Hat Gisela Steinhauer eigentlich Einfluss auf ihre Gästeliste?
„Beim Montalk suchen in der Regel die Redakteure die Gäste der
Sendungen aus und überlegen, wer wohl am besten zu welchem Moderator
passen würde. Natürlich kann ich auch mal einen Wunschgast benennen
oder, was bisher nur ganz selten passiert ist, auch mal jemanden
ablehnen, weil ich denke, mit ihm oder ihr absolut nicht
klarzukommen.“
Doch ihr journalistischer Anspruch an eine vor allem für die Zuhörer
interessante Sendung ist ohnehin groß, das zeigt sich bei Gisela
Steinhauer schon in der Vorbereitung. „Ich will versuchen jedem
Menschen, den ich als Gesprächsgast in der Sendung habe, gerecht zu
werden.
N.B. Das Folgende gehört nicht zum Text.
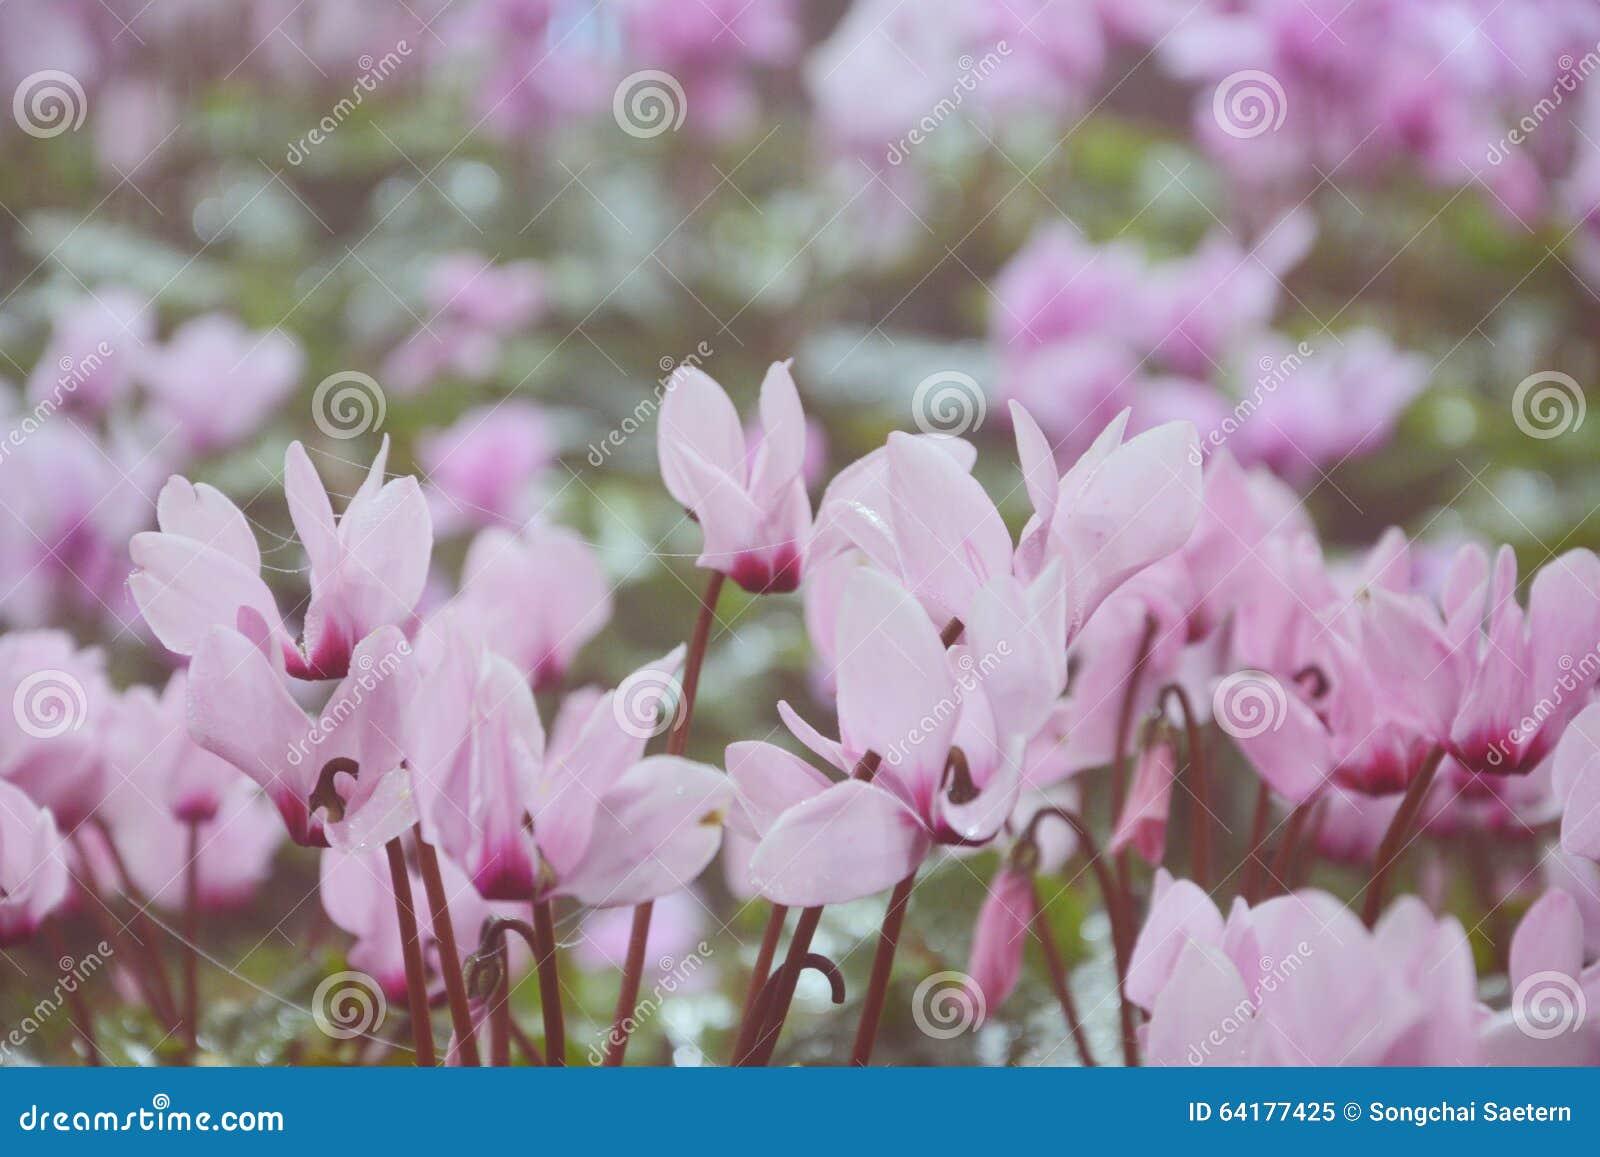 fleur blanche et rose image stock image du fond. Black Bedroom Furniture Sets. Home Design Ideas

Außer neugierig muss man natürlich auch sehr gut vorbereitet
sein, um an den entscheidenden, spannenden Stellen auch
zielgerichtet nachfragen zu können. Und wenn es noch soviel Material
ist, was ich über den Gast bekomme: Ich lese den ganzen Stapel, um
mich möglichst gut vorzubereiten. Das ist mein Respekt, mit dem ich
dem Gast gegenübertrete. Als Gegenleistung erhoffe ich mir dann aber
auch, dass meine Fragen wahrheitsgemäß beantwortet werden und die
Gäste auch etwas von sich preisgeben. Und wenn es mal wieder
besonders schön war, ihnen zuzuhören, denke ich manchmal auf dem
Heimweg an die Nonne aus Swaziland.“
Gisela Steinhauer hat den RADIOJournal-Rundfunkpreis 2002 in der
Kategorie „Gesprächsführung“ für das DeutschlandRadio Berlin und die
Sendung »HörenSagen - Im Gespräch« gewonnen.